Generating Configurations

Instead of writing PostgreSQL schemas, Elasticsearch mappings, and Arranger configs by hand, the Stage portal includes a Config Generator that produces all configuration files from your CSV data in one step.

Navigate to Config Generator in the Stage portal navigation bar (visible once Stage is running).

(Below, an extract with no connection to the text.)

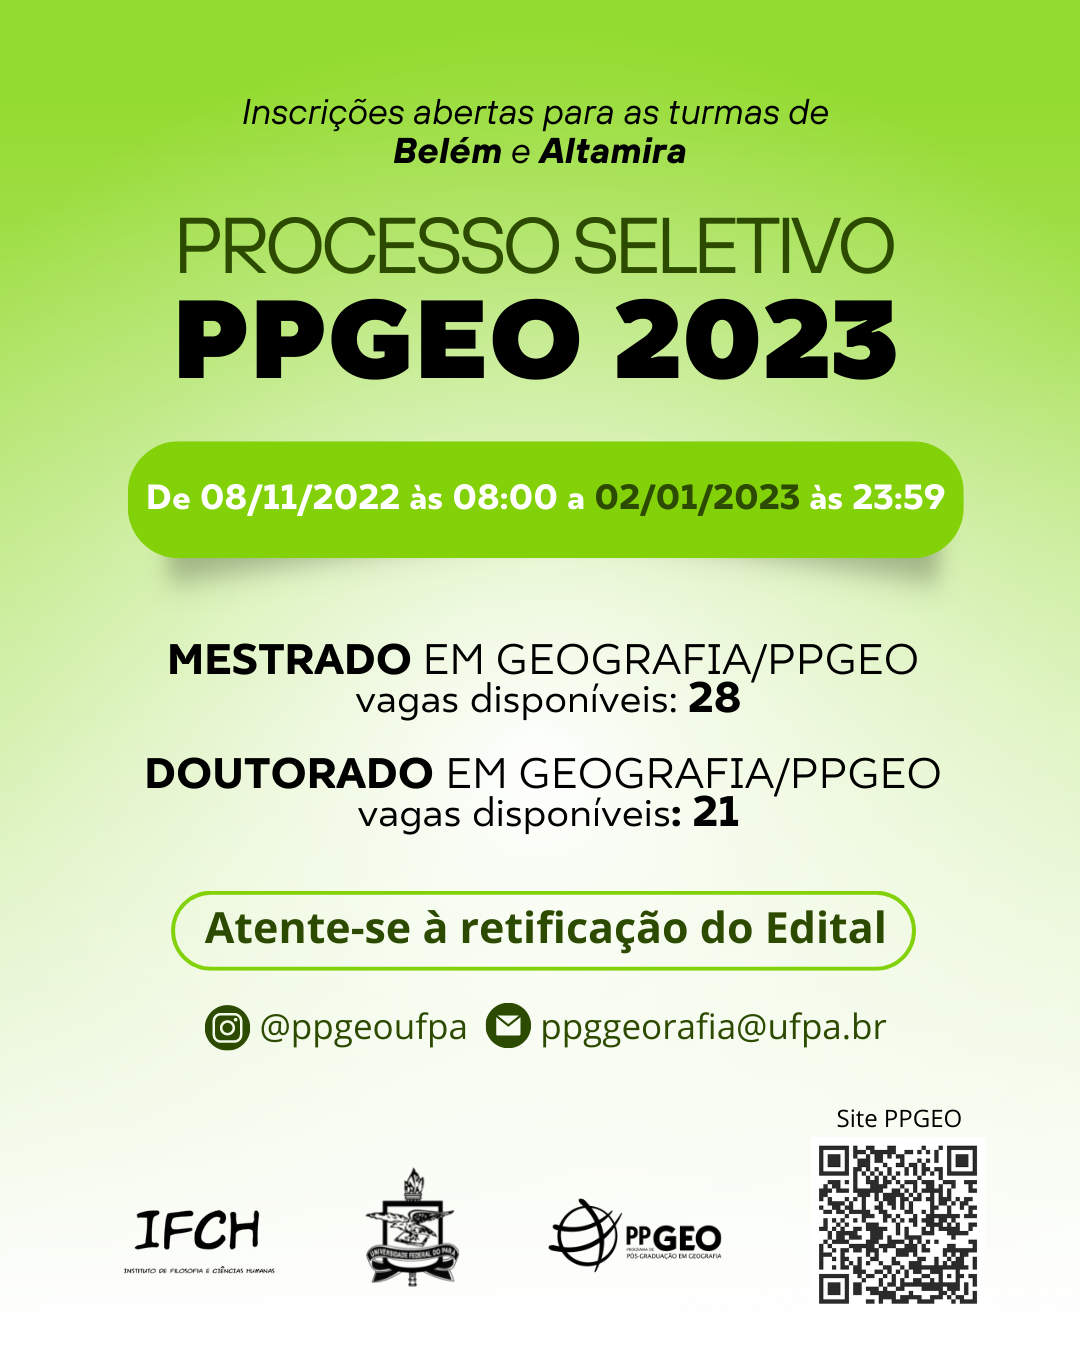 Banner com informações do processo seletivo do PPGEO

Config Generator page in the Stage portal navigation

Step 1: Provide CSV Data

Upload a .csv file using the Upload .csv file button, or paste CSV content directly into the text area. Once loaded, a preview of the first five rows is shown so you can confirm the correct file was used.

CSV upload area and preview table

Step 2: Configure Options

Field	Description
Index name	The name of the Elasticsearch index. Auto-populated from the CSV filename; edit if needed (e.g. `datatable1`).
Table name	The name of the PostgreSQL table. Defaults to the same value as the index name.

Step 3: Generate and Copy

Click Generate Configs. Once complete, the output panel shows a tabbed view with seven files:

Tab	File	Where to save
`postgres-table.sql`	`CREATE TABLE` statement	`setup/configs/postgresConfigs/`
`elasticsearch-mapping.json`	Index template and field mappings	`setup/configs/elasticsearchConfigs/`
`arranger/base.json`	Arranger index and document type	`setup/configs/arrangerConfigs/<indexName>/`
`arranger/extended.json`	Human-readable field display names	`setup/configs/arrangerConfigs/<indexName>/`
`arranger/table.json`	Data table column configuration	`setup/configs/arrangerConfigs/<indexName>/`
`arranger/facets.json`	Sidebar filter configuration	`setup/configs/arrangerConfigs/<indexName>/`
`lectern/dictionary.json`	Lectern data dictionary	`setup/configs/lecternDictionary/`

Use the Copy button on each tab to copy the content, then paste it into the corresponding file in your project.

Generated output panel with tabs and Copy button

Reviewing the Output

The generated configs are a starting point; review each file before saving and adjust as needed:

postgres-table.sql

The generator infers SQL column types from your data (e.g. VARCHAR for text, SMALLINT or INTEGER for numbers) and adds a submission_metadata JSONB column for tracking. You may want to:

Increase VARCHAR lengths for columns with longer values
Change SMALLINT to INTEGER for larger numeric ranges
Add constraints if needed (e.g. NOT NULL)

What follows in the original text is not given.